Domestic Postpartum Rehabilitation Service Industry in China
China is the second-largest consumer market for maternal, infant, and child products, trailing only the United States. With 20 million new mothers added annually in China and the implementation of the universal two-child policy, the postpartum female population has grown rapidly. As consumption upgrades take hold, people are placing greater emphasis on health. Data from Babytree indicates that the maternal and infant product market will exceed RMB 3.5 trillion in 2020, while the pregnant women’s services market will reach a scale of RMB 16.7 billion, accounting for only 0.0046% of the entire maternal and infant market. The growth rate from 2015 to 2020 reached as high as 51%. The market for pregnant women’s products will amount to RMB 125.4 billion, representing merely 0.03% of the overall maternal and infant market. The market potential is enormous.
The growing demand for postpartum services in China is reflected in all aspects of consumption upgrading. The latest report on the professional development of fitness coaches, released by the General Administration of Sport of China, also shows that the demand for professional training among fitness coaches is mainly focused on rehabilitation, postpartum rehabilitation, and the use of small equipment as well as comprehensive physical fitness enhancement.
In China, 71.2% of users access mobile women’s health platforms from home. According to data from Bida Consulting, the future development of mobile women’s health platforms in China will trend toward specialization, intelligent healthcare integration, and commercialization. Currently, the predominant business model for women’s health apps relies on tool-based products—such as menstrual cycle and physical condition tracking—as their core competency. These platforms leverage a large user base to evolve into online communities for women, which are subsequently converted into e-commerce platforms. The primary constraint on their growth is the severe homogenization and insufficient professionalization among existing mobile women’s health apps in China.
A similar pelvic floor exercise app in China primarily focuses on enhancing sexual experience rather than women's health, resulting in a narrowed product scope. Currently, its paid conversion rate remains low.

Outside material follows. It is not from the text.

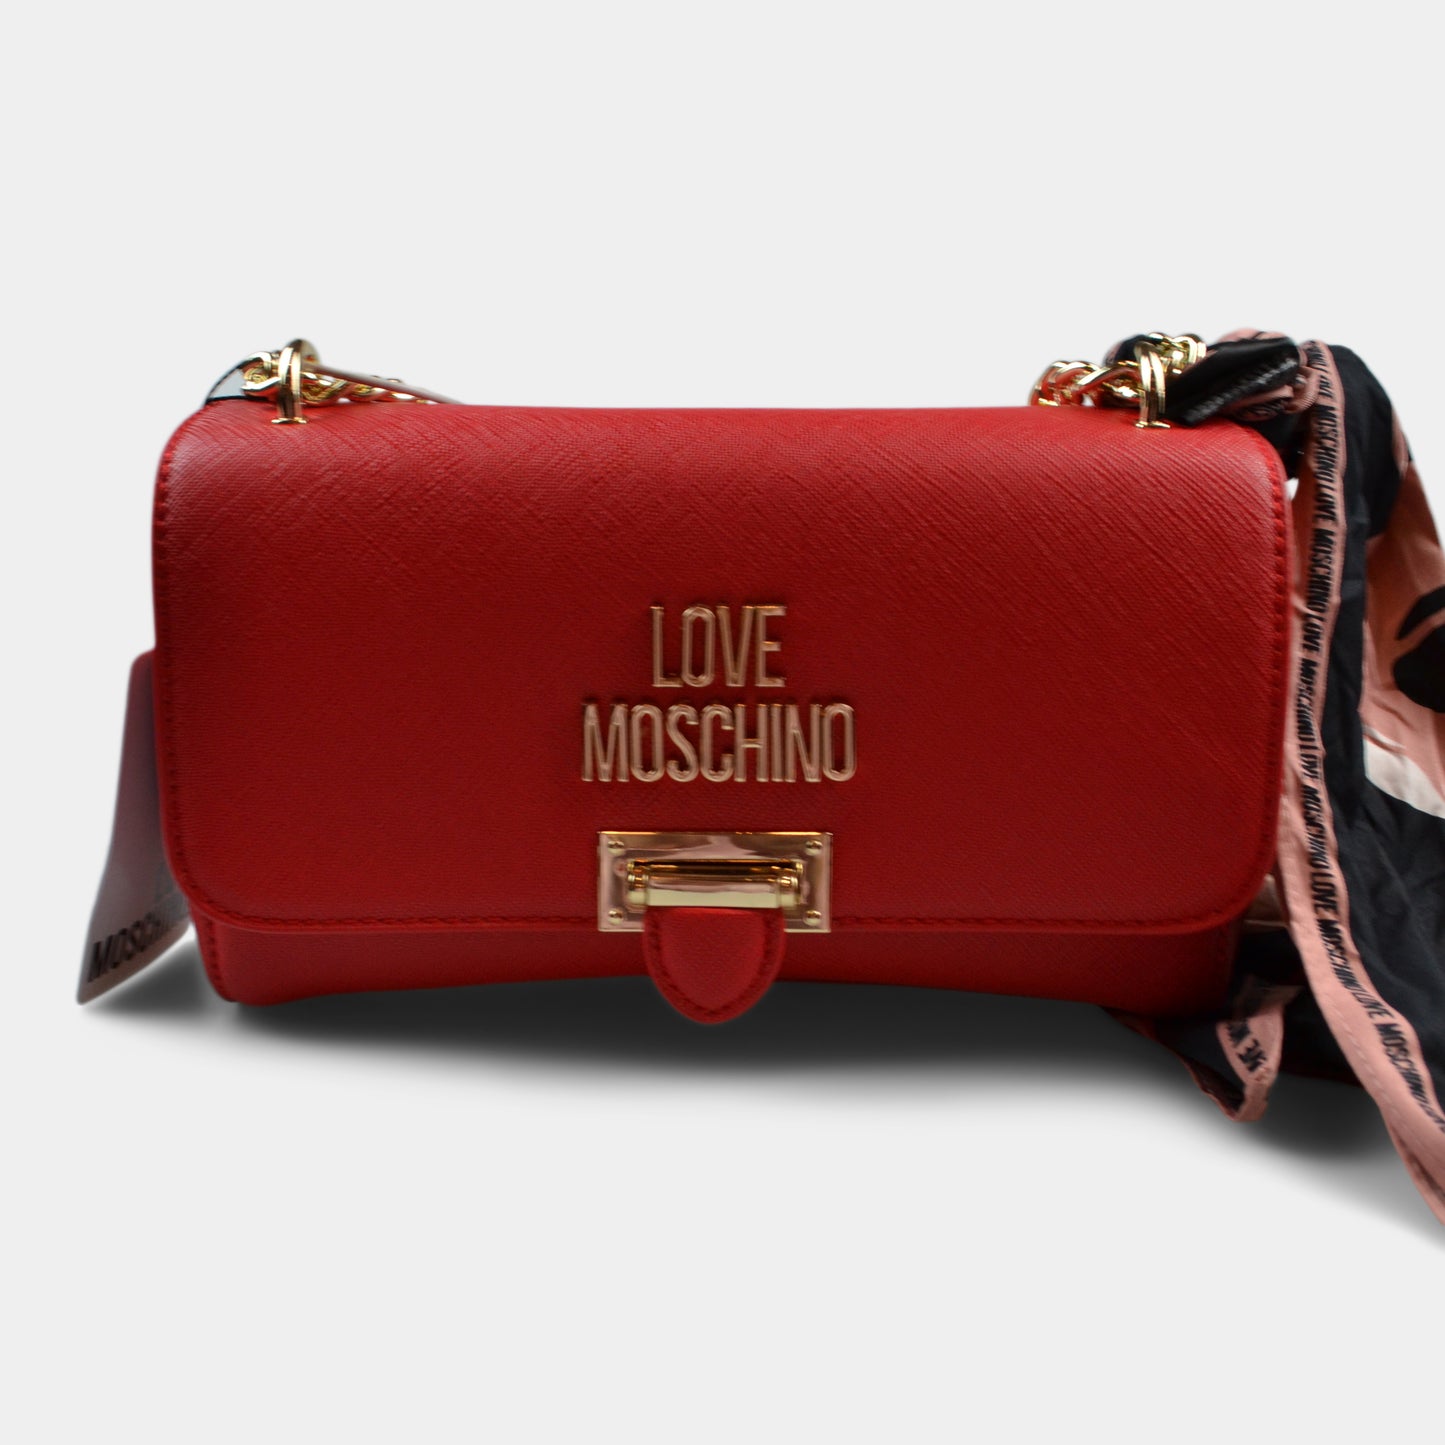 LOVE MOSCHINO SHOULDER BAG WITH LOGO IN RED

The key to Mutu’s achievement of a 100% customer satisfaction rate lies in enhancing product added value. Its product architecture is structured with video-based offerings as the foundational layer, while the intermediate layer features community-driven knowledge sharing and plans to onboard more professional physical therapists and fitness coaches in the future. This differentiated positioning among postpartum rehabilitation products has earned substantial user trust.